On 06/13/14 09:30, Verzelloni Fabio wrote:
> ## BEST RESULT  with user_acct group_acct disabled / multithreads DB :
>
>           Statistics:
>              entries scanned: 2523759
>              # threads:       32
>              average speed:   11428.57 entries/sec
>
> ## RESULT with user_acct group_acct enabled / multithreads DB  :
>
>           Statistics:
>              entries scanned: 2523760
>              # threads:       32
>              average speed:   1923.08 entries/sec
>
> ## RESULT with user_acct group_acct enabled / batch DB :
>
>           Statistics:
>              entries scanned: 2523760
>              # threads:       32
>              average speed:   2862.25 entries/sec
>
> ## RESULT with user_acct group_acct disabled / batch DB :
>
>           Statistics:
>              entries scanned: 2523760
>              # threads:       32
>              average speed:   4790.42 entries/sec
> #########################################
>
> As you can see the result with multithread DB is much higher than batch DB  
> 11428.57 entries/sec vs 4790.42 entries/sec
>
> Something that could be helpful in the documentation I think would be the 
> fact that formatting the file system were the mysql is running as XFS will 
> offer better results in terms of scan performance. Indeed with ext4 I reached 
> at maximum 3800 entries/sec with user_acct group_acct disabled, instead with 
> XFS I reached 11000  entries/sec.
>
> Is it correct to say that the user_acct group_acct are only needed for the 
> webgui? Because if I'm not wrong from command line, even if I clean up the DB 
> and I scan without user_acc group_acct, I got all the needed data, but I 
> cannot use the web gui.
>
>
> Cheers
> Fabio
>
> --
> - Fabio Verzelloni - CSCS - Swiss National Supercomputing Centre
> via Trevano 131 - 6900 Lugano, Switzerland
> Tel: +41 (0)91 610 82 04
>
>
> ________________________________________
> From: LEIBOVICI Thomas [[email protected]]

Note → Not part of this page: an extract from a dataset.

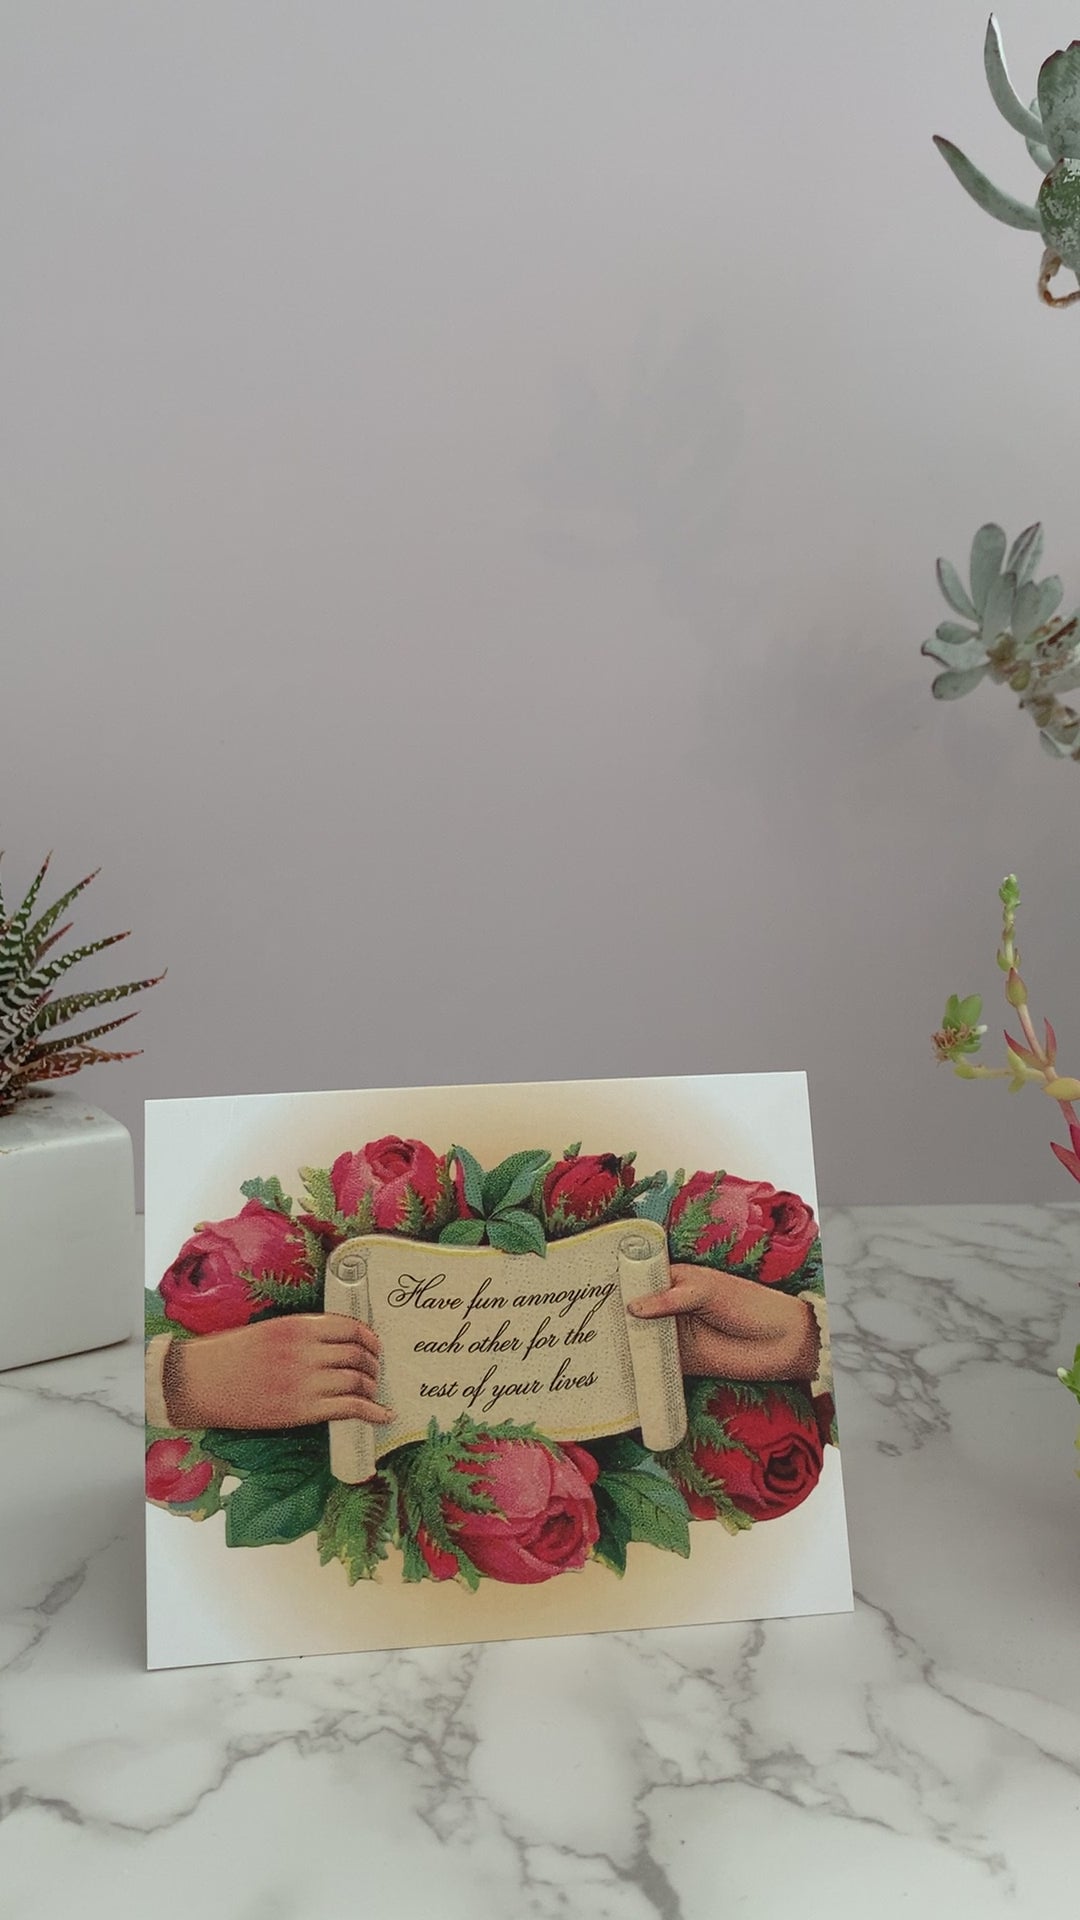 The perfect card for weddings, engagements, and committed partnerships. The front greeting says, "Have fun annoying each other for the rest of your lives." on a paper scroll, being held open by a hand on each side. Red roses surround the image. Vintage inspired. Blank inside.

> Sent: Wednesday, June 11, 2014 4:38 PM
> To: Verzelloni  Fabio; [email protected]
> Subject: Re: [robinhood-support] question about 'best configuration practice' 
> & 'mysql errors'
>
> Hi Fabio,
>
> Congratulations. I'm impressed of your in-depth tuning of robinhood,
> mysql and your system.
>
> Robinhood should dump stats in its logs at regular interval.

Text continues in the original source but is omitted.